Need Better photos!!!


----------



## 66Domino (Jan 2, 2013)

Love this cross! It seems to be the best of both worlds; sturdy, good mind and willing to work. I am a huge advocate of having a pre purchase exam. No one has a better eye than an equine vet. Hope it works out for you!
_Posted via Mobile Device_


----------



## franknbeans (Jun 7, 2007)

Elana said:


> Good little horse.
> 
> Need better photos. I, for the life of me, cannot understand why anyone would post a horse for sale photo with the hind feet on soft ground with the toes pointed nearly straight down... it is impossible to say what his hind leg angles are.
> 
> ...


Where did you get that he is for sale? I see nothing about that at all. I do agree that folks post some funky pictures and want critiques-especially with all the winter woolies.......I sure would not like if someone posted a pic of me in my jammies having just rolled out of bed-and curlers to boot.....that is what it reminds me of.


----------



## Elana (Jan 28, 2011)

Oh yeah.. I ASSUMEd he was for sale from the brief post... 
He may not be.. 

But those photos.. I missed the curlers. Pink or metal with aqua accents?


----------



## 66Domino (Jan 2, 2013)

Elana said:


> Oh yeah.. I ASSUMEd he was for sale from the brief post...
> He may not be..
> 
> But those photos.. I missed the curlers. Pink or metal with aqua accents?


You're a hoot!!! LOL
_Posted via Mobile Device_


----------



## Iseul (Mar 8, 2010)

I'm bias on this specific cross..They all seem to have a very similar build and they really do have the best of both breeds (imo). While Luck didnt have the greatest mind beginner wise, she definitely knew how to please even when she didnt like it and always put 110% into anything I asked.
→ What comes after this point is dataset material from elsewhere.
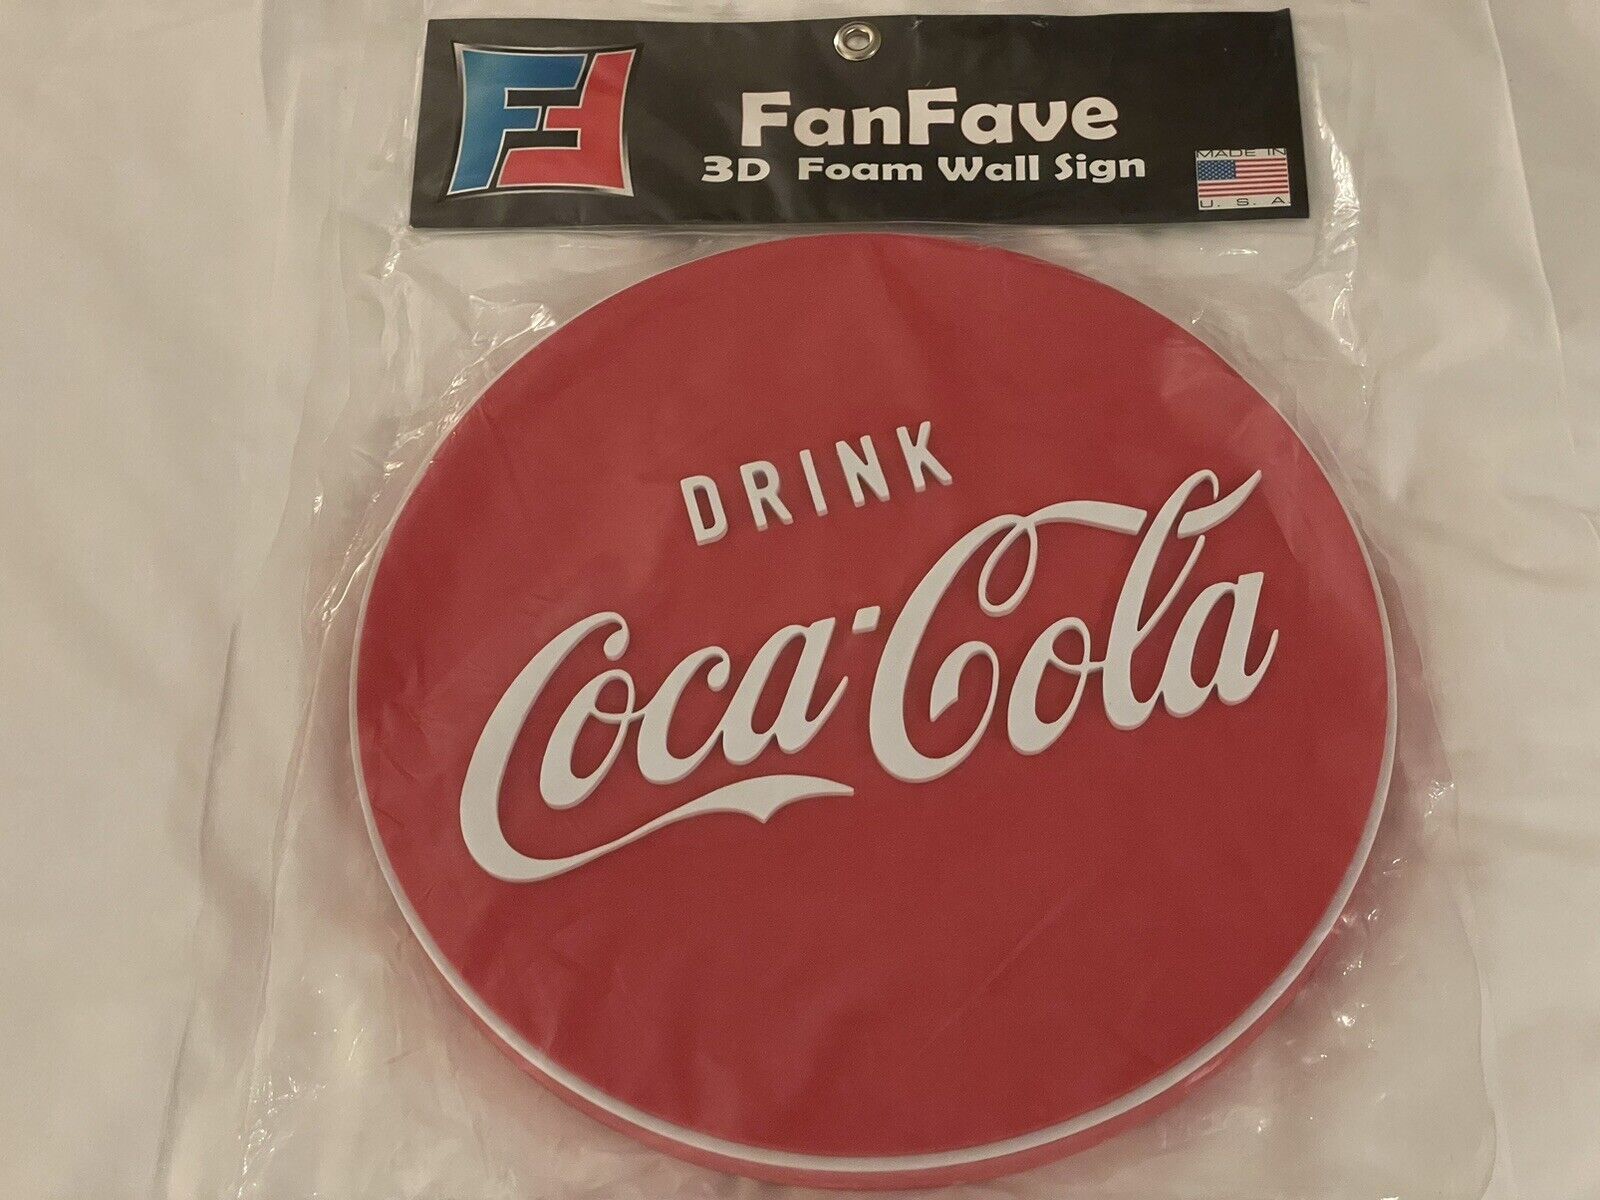 VINTAGE Coca-Cola Logo Art Fanfave FanFoam 3D Foam Wall Sign LARGE 14.5x14.5 NEW
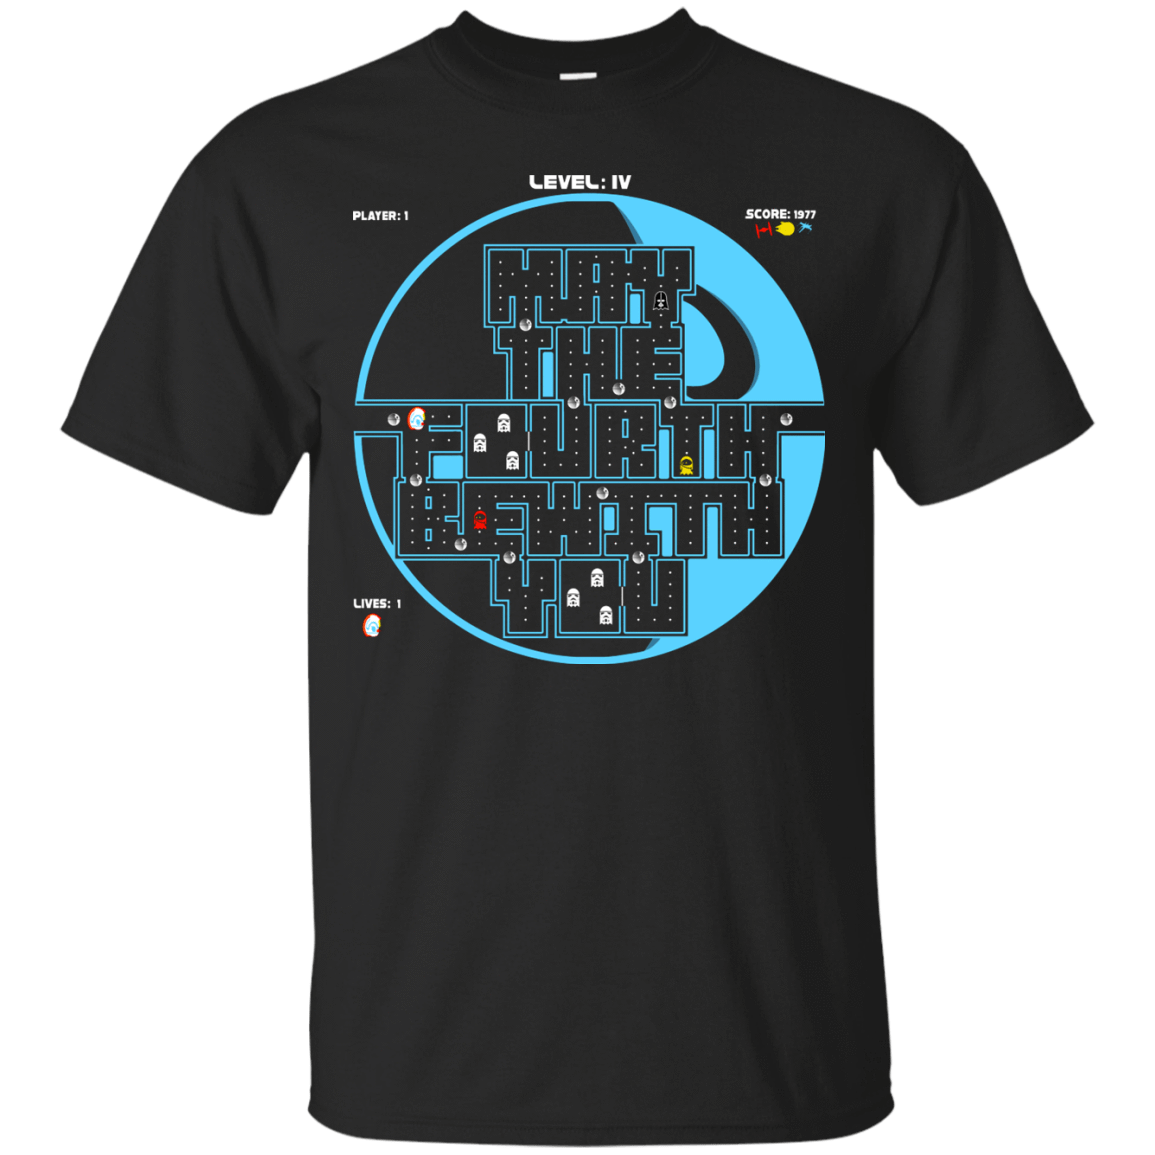 T-Shirts Black / S Pacman May The Fourth T-Shirt

I cant say if his hocks are awkward, but I know Luck had VERY thick hocks which almost looked swollen if you hadnt seen her a few times before. I liked the large hocks because I was hoping to get her into amateur reining while I was leasing her, as well as continue in gaming. Not sure if I was right about the reason why, but it always made me feel better that she seemed to have strong hocks (reining and games) that would hold up.
_Posted via Mobile Device_


----------



## GotaDunQH (Feb 13, 2011)

I don't see a long back on this horse at all....I say Holy Short Back! So yep, saddle fit may be a problem for an adult size saddle. But he's got some great sturdy bone and just looks like a good all-around guy.


----------



## franknbeans (Jun 7, 2007)

Elana said:


> Oh yeah.. I ASSUMEd he was for sale from the brief post...
> He may not be..
> 
> But those photos.. I missed the curlers. Pink or metal with aqua accents?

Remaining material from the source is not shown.